1

Due to some bug in a C extension, I'm getting unicode data with str instances, or in order words, str with no encoding at all and an unicode literal.

So, for instance, this is a valid unicode literal

>>> u'\xa1Se educado!'

And the UTF-8 encoded str would be:

>>> '\xc2\xa1Se educado!'

However, I get an str with the unicode literal:

>>> '\xa1Se educado!'

And I need to create an unicode instance from that. Using unicode() doesn't work, since it expects an encoding. I figured that ''.join(unichr(ord(x)) for x in s) does what I need, but it's really ugly. There has to be a better solution.
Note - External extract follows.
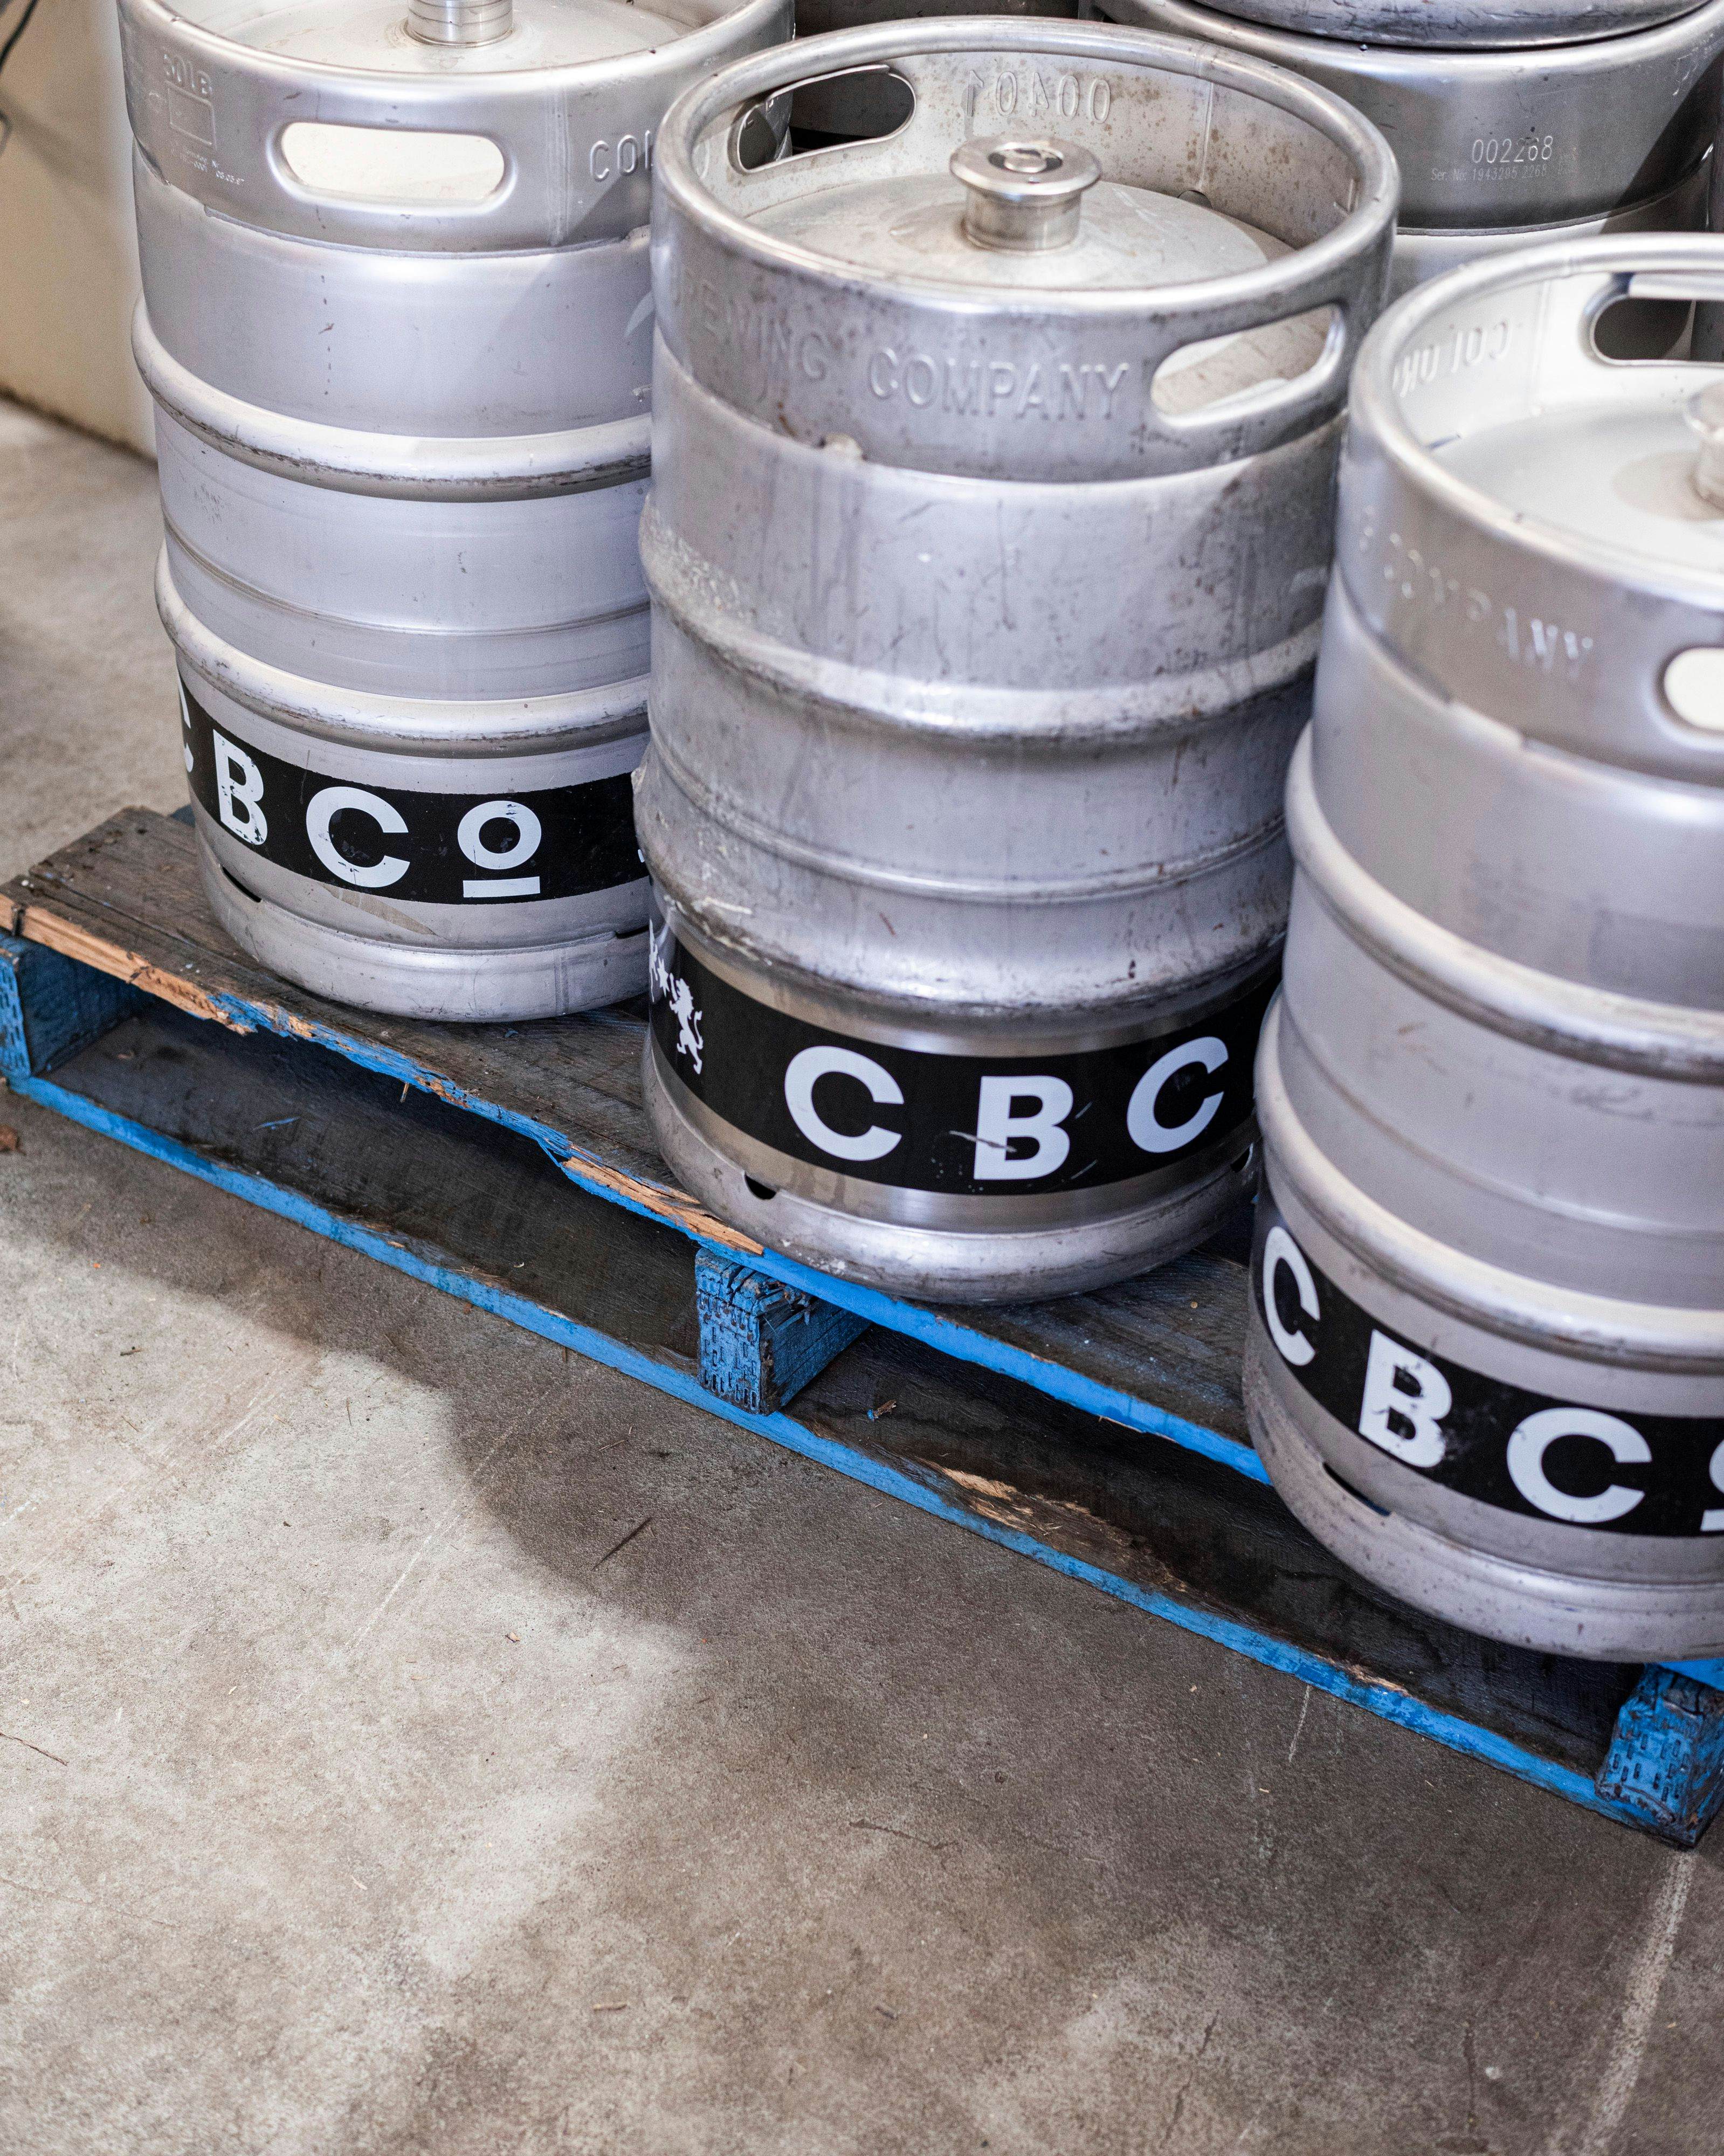 CBCo Kegs by Alter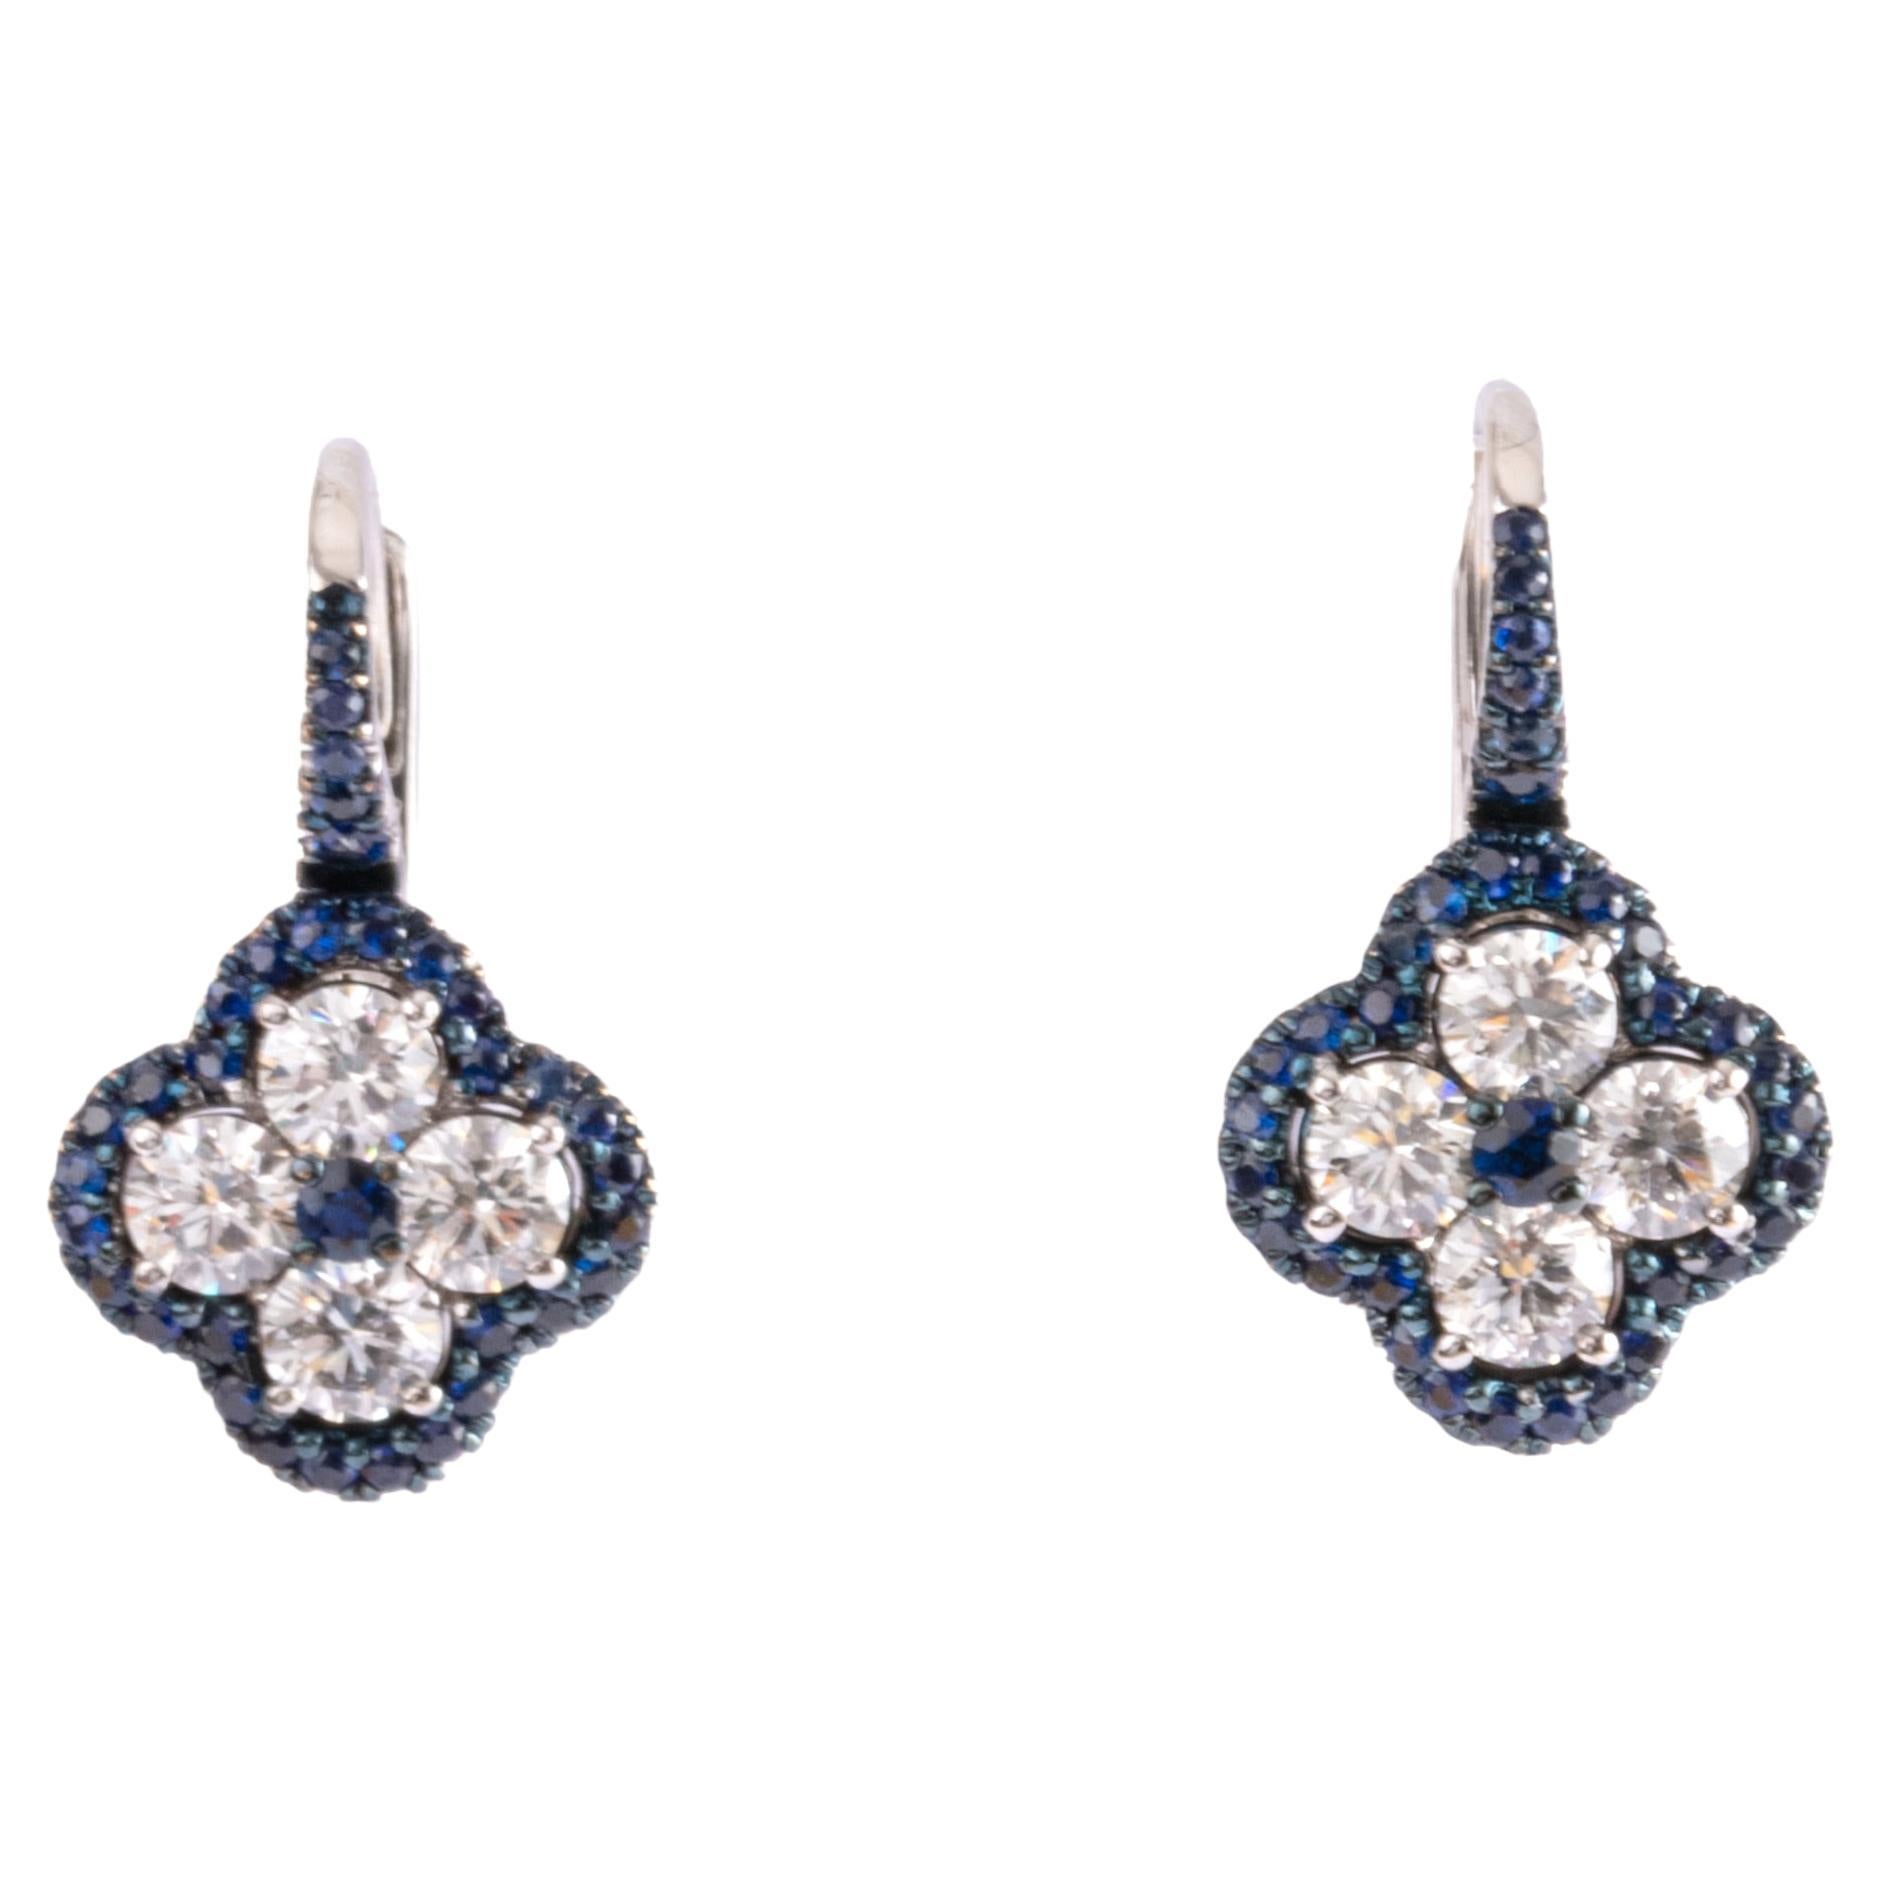 Crivelli Four-Leaf Clover White Gold Brilliant and Sapphire Earrings For Sale

Any ideas?

hippietrail
  • 15,848
  • 18
  • 99
  • 158
Pedro Werneck
  • 40,902
  • 7
  • 64
  • 85

2 Answers2

1

As I suspected, there has to be a way to decode it with whatever "encoding" python uses for unicode, and that's raw_unicode_escape.

>>> unicode('\xa1Se educado!', 'raw_unicode_escape')
u'\xa1Se educado!'
Pedro Werneck
  • 40,902
  • 7
  • 64
  • 85
1

I get an str with the unicode literal: '\xa1Se educado!'

Not really, \xa1 is not a Unicode-specific escape. \xa1 in a byte string means byte number 161 and \xa1 in a Unicode string means character (code point) number 161—same as \u00A1.

What you have is a byte string containing an ISO-8859-1 encoding of ¡Se educado! instead of the UTF-8 encoding. In the ISO-8859-1 encoding each byte number happens to match the Unicode character of the same code point number. To decode an ISO-8859-1 byte string to a Unicode string use:

>>> '\xa1Se educado!'.decode('iso-8859-1')
u'\xa1Se educado!'

although actually if you are using Windows then the encoding is likely to be code page 1252 ('windows-1252') rather than ISO-8859-1. They're similar encodings but not quite the same. Code page 1252 is the default ‘ANSI’ code page that Windows uses for non-Unicode applications in the Western European and US locales. If you are getting this data from a Windows non-Unicode application running on the same machine, you should decode it using the encoding 'mbcs' which corresponds to whatever the locale-specific default code page is.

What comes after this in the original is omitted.